_Data block_.
★ ★ ★
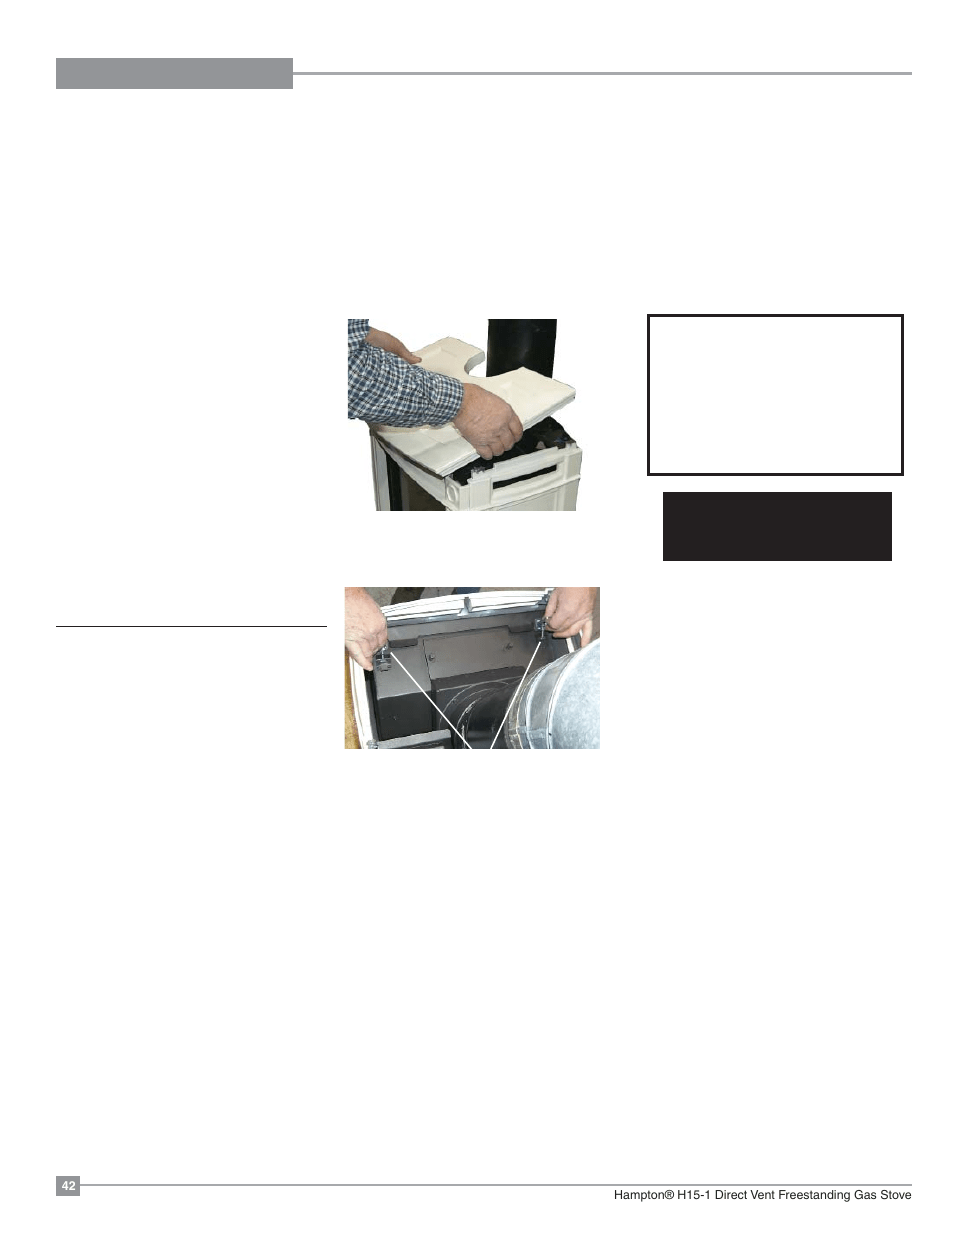 Maintenance, Fan maintenance, General vent maintenance
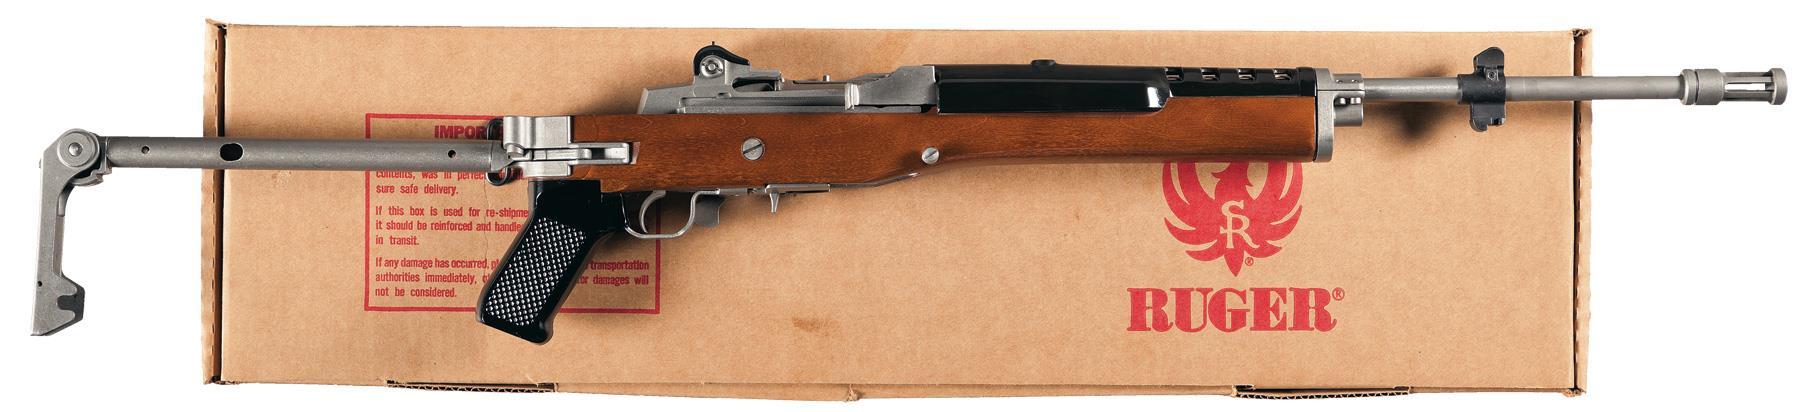 Ruger Mini 14 Folding Stock Semi-Automatic Carbine
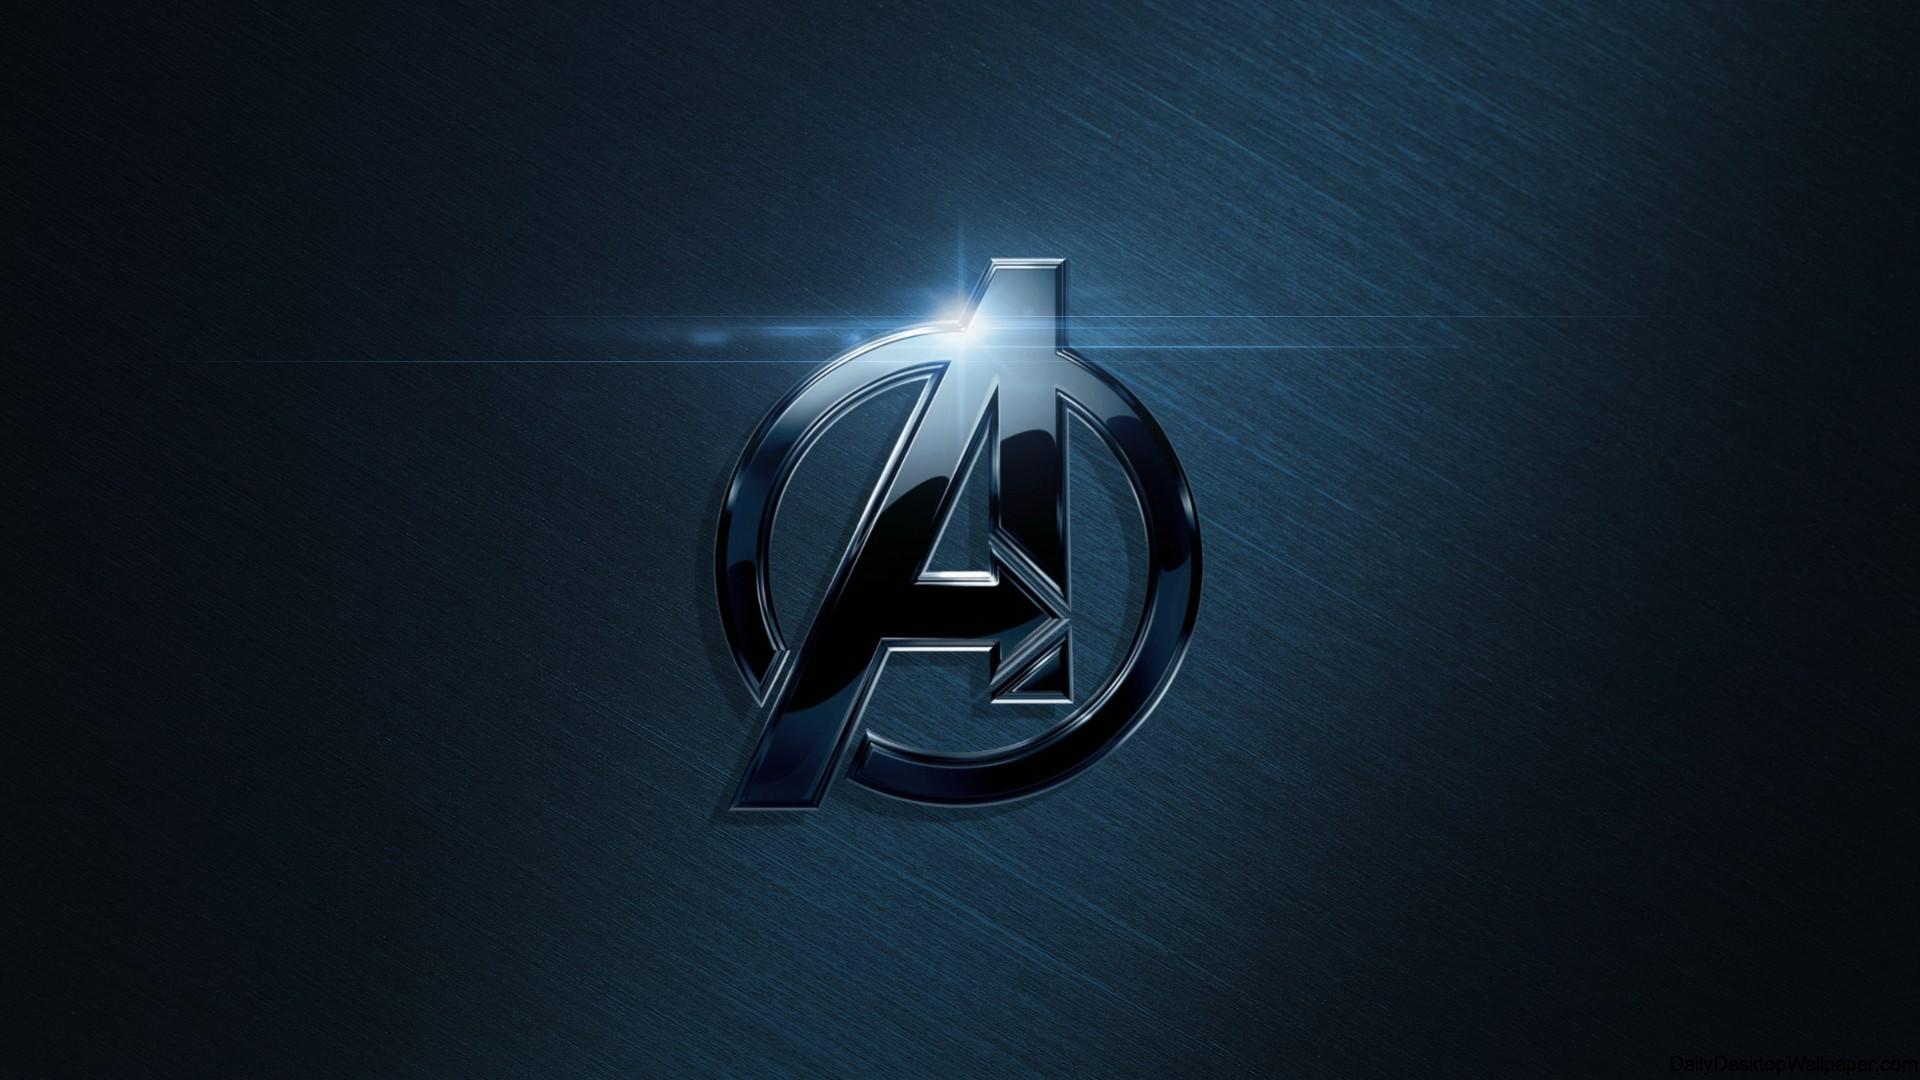 Avengers A  Hd Wallpapers
★ ★ ★
_Directions_.
Across the whole listing above, repeat each line exactly and leave out the images.

_Task answer_.
 Maintenance, Fan maintenance, General vent maintenance
 Ruger Mini 14 Folding Stock Semi-Automatic Carbine
 Avengers A  Hd Wallpapers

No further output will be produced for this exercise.